ST 495 Advanced computing for statistical methods - Homework problem set 5
ST 495 Advanced computing for statistical methods Homework problem set 5
February 14, 2023
No R packages are permitted for use in this assignment.
1. In the previous assignment you were asked to provide pseudocode for how to generate synthetic data from the statistical model posited for your midterm project. The motivation was described as synthetic data will be helpful for evaluating an estimation procedure and algorithm. Describe how you will design a simulation study based on your synthetic data to evaluate the estimation procedure and algorithm that you proposed a few weeks ago.
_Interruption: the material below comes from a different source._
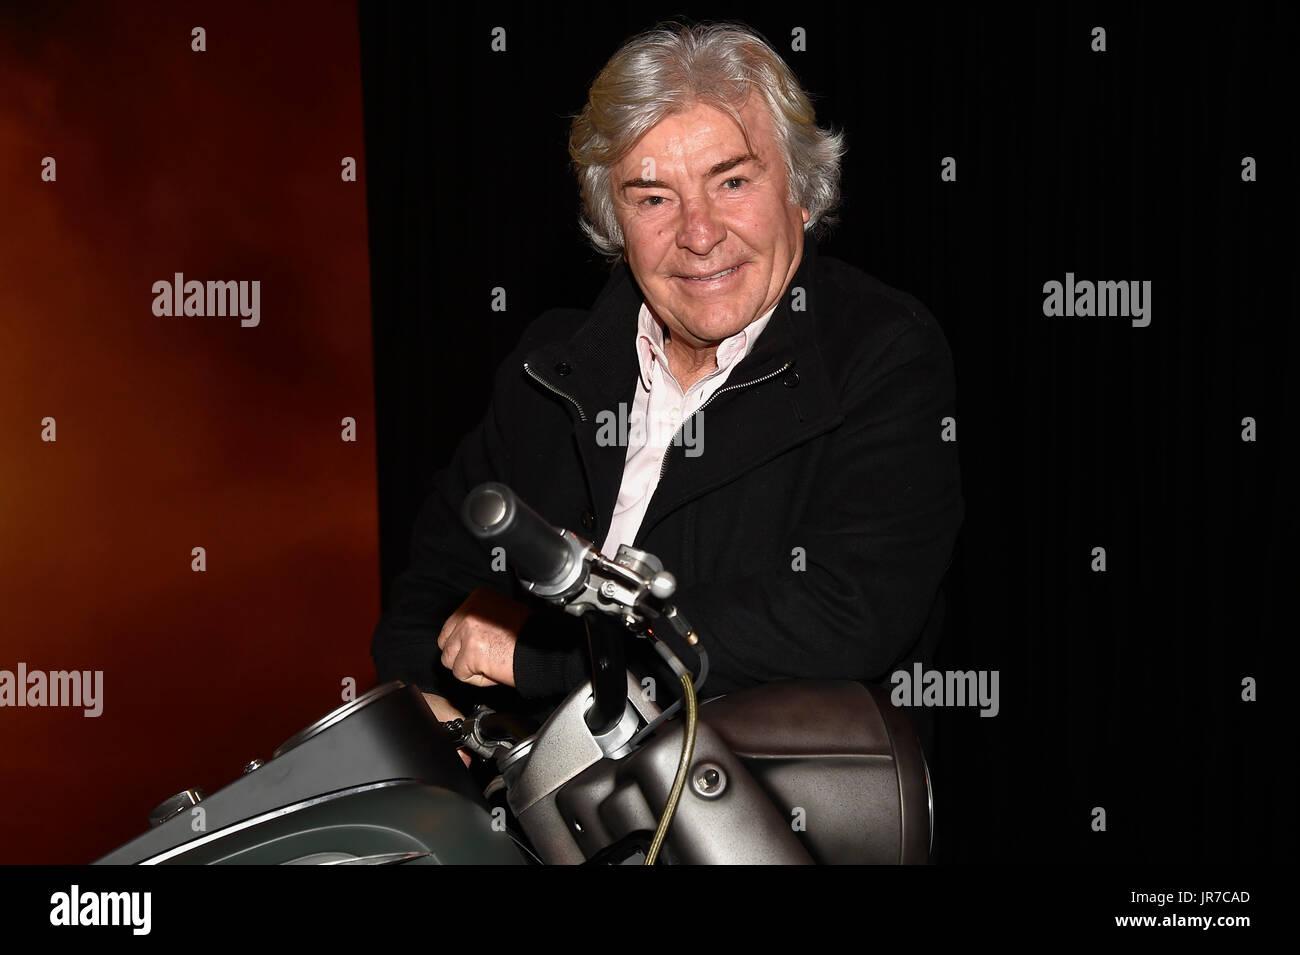 Angel Nieto Motorcycle Exhaust Dies Photo Archive El ex piloto vÅngel Nieto durante la presentaciv=n del acto 'la moto de Logan: tributo a Lobezno'  en Madrid  28/02/2017  Madrid - Stock Image

2. Recall that in the case that X ∈ Rn×p does not have full column rank, (X′X)−1 does not exist, and so PX = X(X′X)−1X′ does not exist. However, using the SVD of X we can still construct an orthogonal projection matrix onto col(X). Write an R function that takes as input (X), where X is an n × p matrix, and returns the orthogonal projection matrix onto col(X), regardless of the column rank of X.
3. Write an R function that takes as input (X), where X is an n × p matrix with full column rank, and returns, via the Gram-Schmidt orthonormalization algorithm, an n × p orthonormal matrix Q such that col(Q) = col(X), along with a p×p upper-triangular matrix R such that X = Q R.
4. (a) Write an R function that takes as input ( y, X), where y is an n-dimensional vector and X is an n×p matrix, and returns the least squares coefficient estimates by solving the normal equations
X′Xb = X′y
using the QR decomposition of X.
(b) Generate synthetic regression data for various choices of n and p to test whether your least squares estimation procedure in part (a) works. Note, you should compare your
least squares solution to the “true” coefficient values that you used to generate the data. Show that quantity ∥b − b∥2 < 10−4 for sufficiently large values of n.
(c) Plot the regression line using the coefficients from part (a), for synthetic simple linear regression data (i.e., p = 2 and b0 is an intercept.)